The 2020 Ukrainian Super Cup was the 17th edition of Ukrainian Super Cup, an annual season opener football match contested by the previous season's Ukrainian Premier League champions Shakhtar Donetsk and Ukrainian Cup winners Dynamo Kyiv.

The game was scheduled to be played later than usual due to the COVID-19 pandemic. Also while traditionally being held in Odesa, this season it was scheduled to take place in Kyiv at the Olimpiyskiy National Sports Complex on 25 August 2020. The game was played after Round 1 of the 2020–21 Ukrainian Premier League.

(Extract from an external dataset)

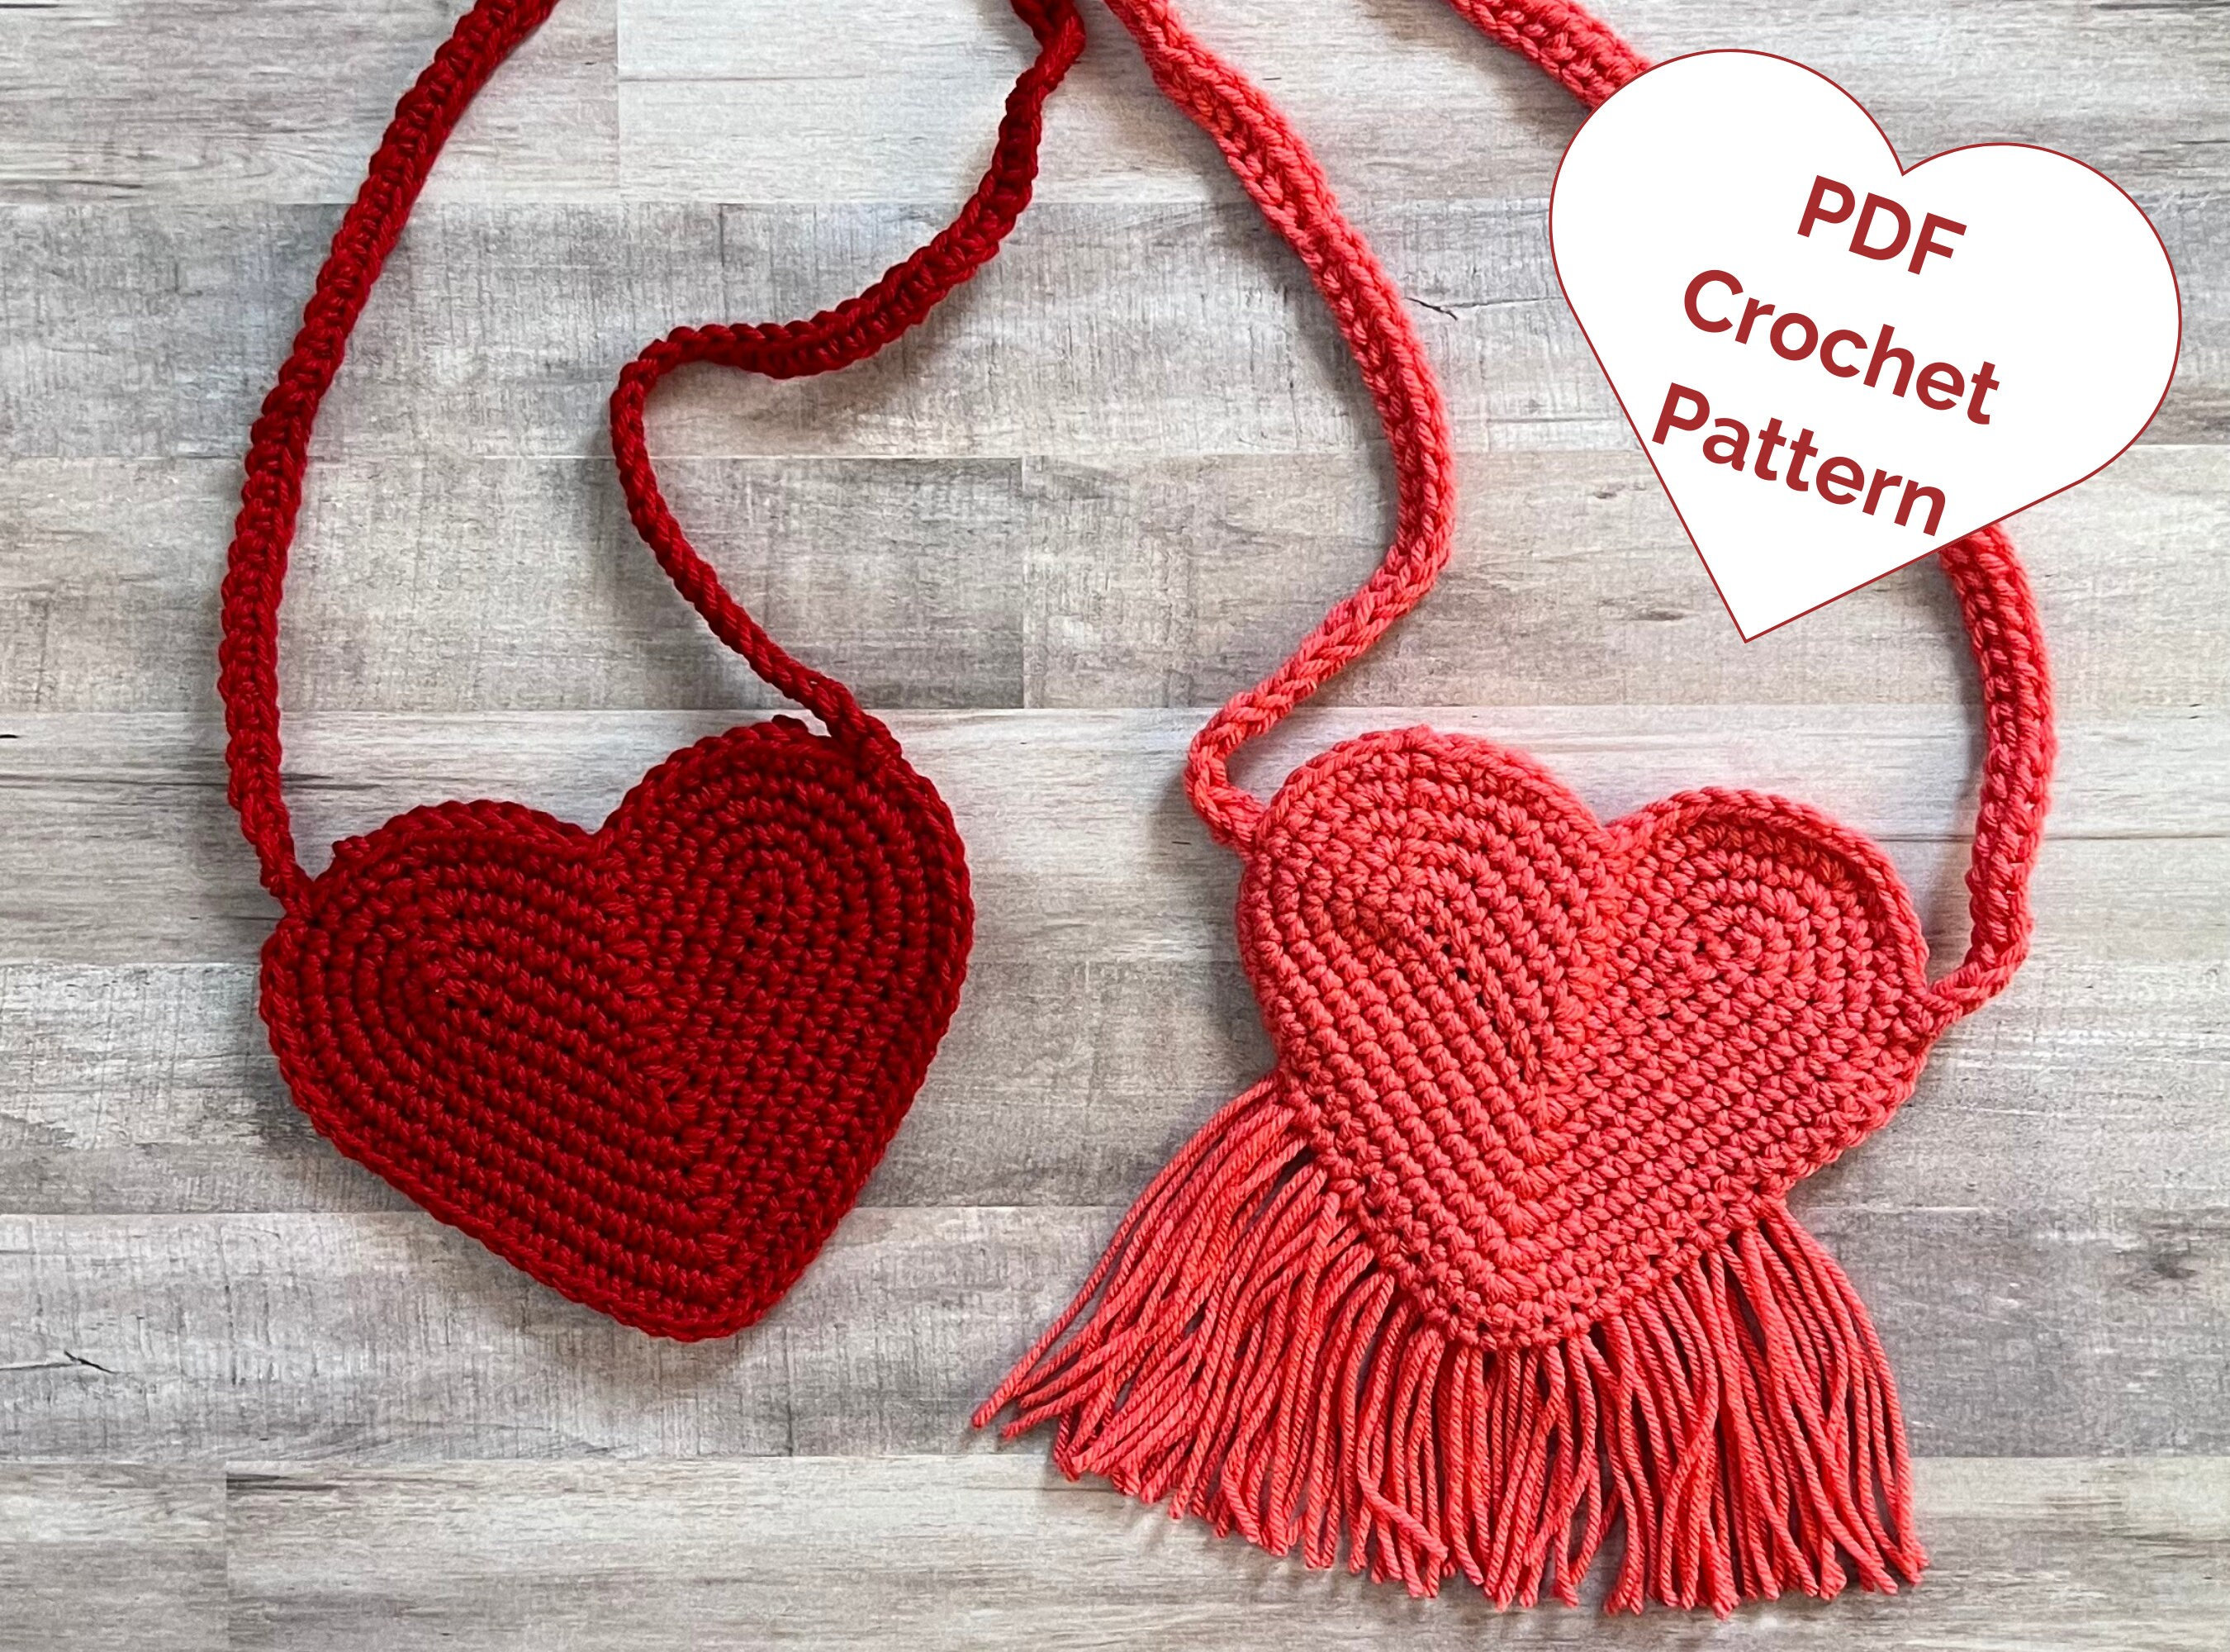 Crochet heart purse pattern

Preparations and other background events
For this game the official sponsor was announced TM Waissburg, the official football for the ninth time became the Danish "Select" (Select Sport) and as a television broadcasting partner became Ukrainian television channels "TRK Ukraína" and "Futbol 1/2/3" (both part of Media Group Ukraína).

This game is the first, in which Mircea Lucescu who spent in Shakhtar Donetsk a dozen of years and one of the two original head coaches who participated in the tournament back in 2004 will be leading the chief opponents of the Donetsk club. Anatoliy Demianenko commenting on the game stated that the main intrigue is Lucescu versus Shakhtar. The former players of Shakhtar Artem Fedetskyi and Oleksiy Hai commenting on the game agree that it is unusual game, but Shakhtar shall still win. The head coach of Shakhtar Luís Castro is eager to win the Super Cup which slipped away the last season. Castro is sure that both clubs will field their best squads for the game and Lucescu will be requesting the maximum from his. Another Ukrainian head coach Myron Markevych thinks that the game does not matter and the main task for the teams is to qualify for the European competitions.

The game is expected to kick off the next day after the national holiday Independence Day of Ukraine.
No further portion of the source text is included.